Upstream waves driven through cyclotron resonance by solar wind ions by an backscattered from the Earth’s bow shock are considered to be the main day side energy source of ultra low frequency (ULF) fast mode waves in the Pc3-4 frequency band (6.7 – 100 mHz) in the Earth’s magnetosphere. The wave energy that is generated in the foreshock region is transferred across magnetic field lines to reach the inner magnetosphere where it is observed as compressional Pc3-4 waves.
Magnetohydrodynamic (MHD) waves propagating from the foreshock to the ground are affected by both the magnetosphere and the ionosphere. In the inhomogeneous magnetosphere compressional waves (F in figure) launch shear Alfvén waves (A in figure) propagating along magnetic field lines. The coupling is the most efficient where the UW frequency matches the local field line resonance (FLR) eigenfrequency.
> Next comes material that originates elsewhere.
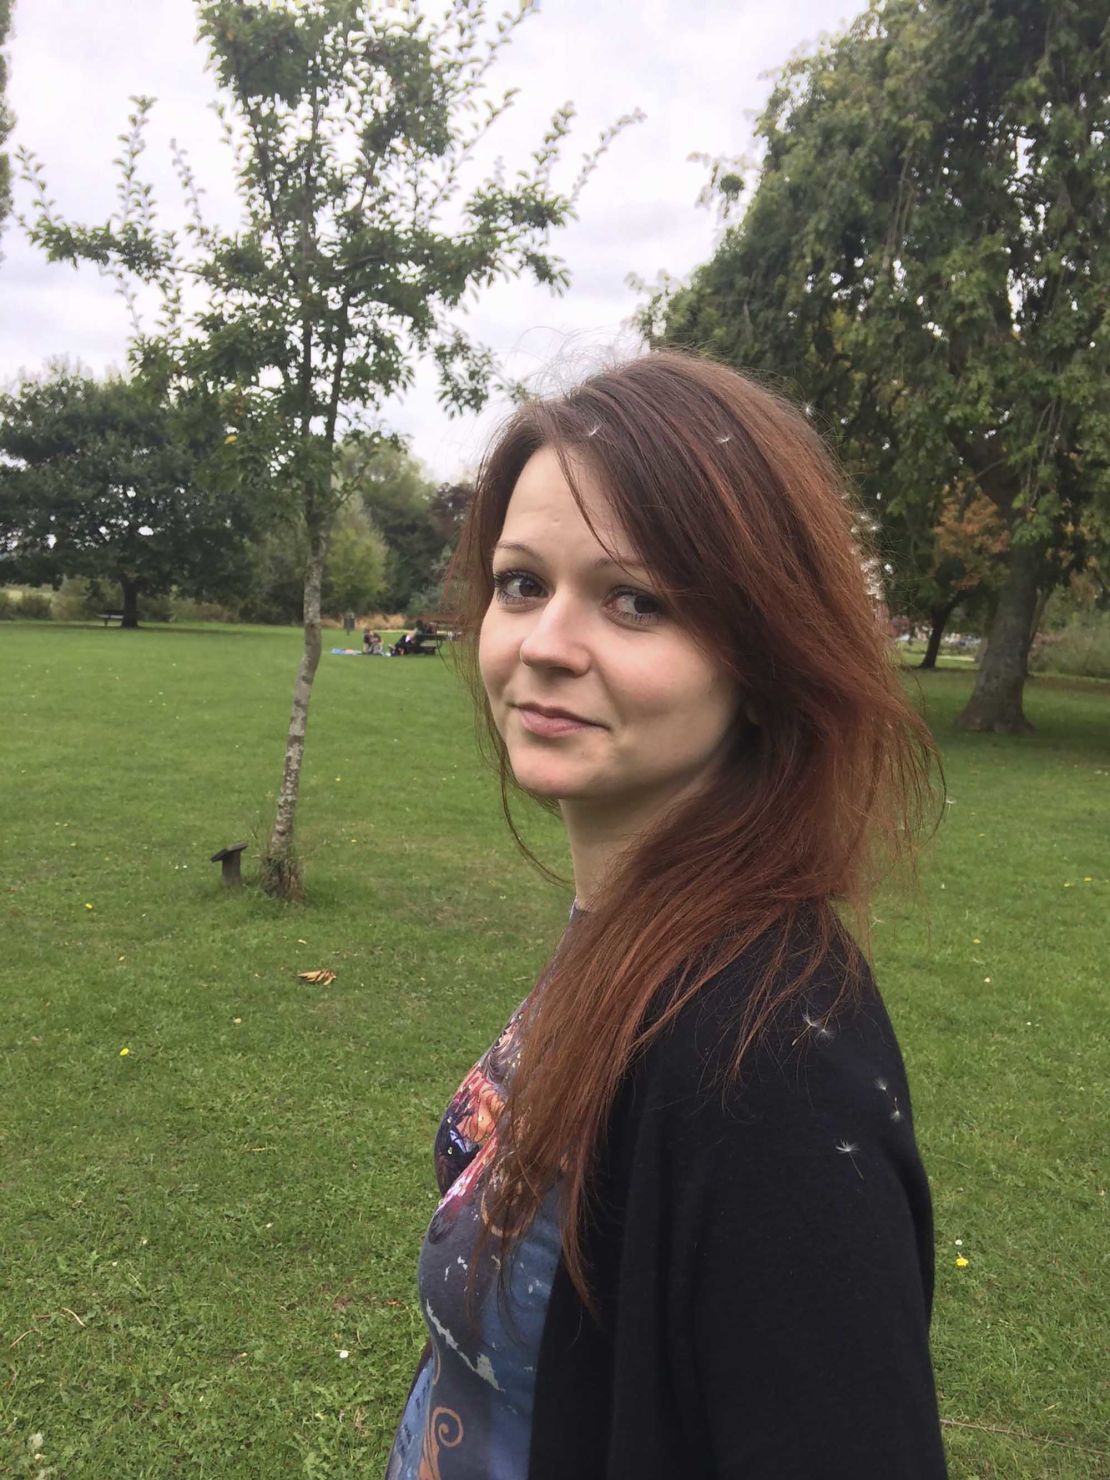 Yulia Skripal in an image taken from her Facebook account on Tuesday March 6, 2018

Fast mode UWs and associated FLRs are the primary day side source of low and middle-latitude ULF waves. The ionosphere is a boundary of high conductivity separating the magnetosphere and neutral atmosphere. Under day side conditions large scale compressional waves are partially reflected from the ionosphere, while on the night side they are transmitted directly to the ground. Mode conversion from compressional to Alfvén mode is negligible at typical scales. Shear Alfvén waves are partially reflected, partially converted by the ensuing ionospheric current system into an evanescent compressional mode with an e-folding distance depending on the azimuthal wave number.
Observations of ULF waves in the topside ionosphere is of key importance in understanding the role of the ionosphere in the wave-plasma medium interactions.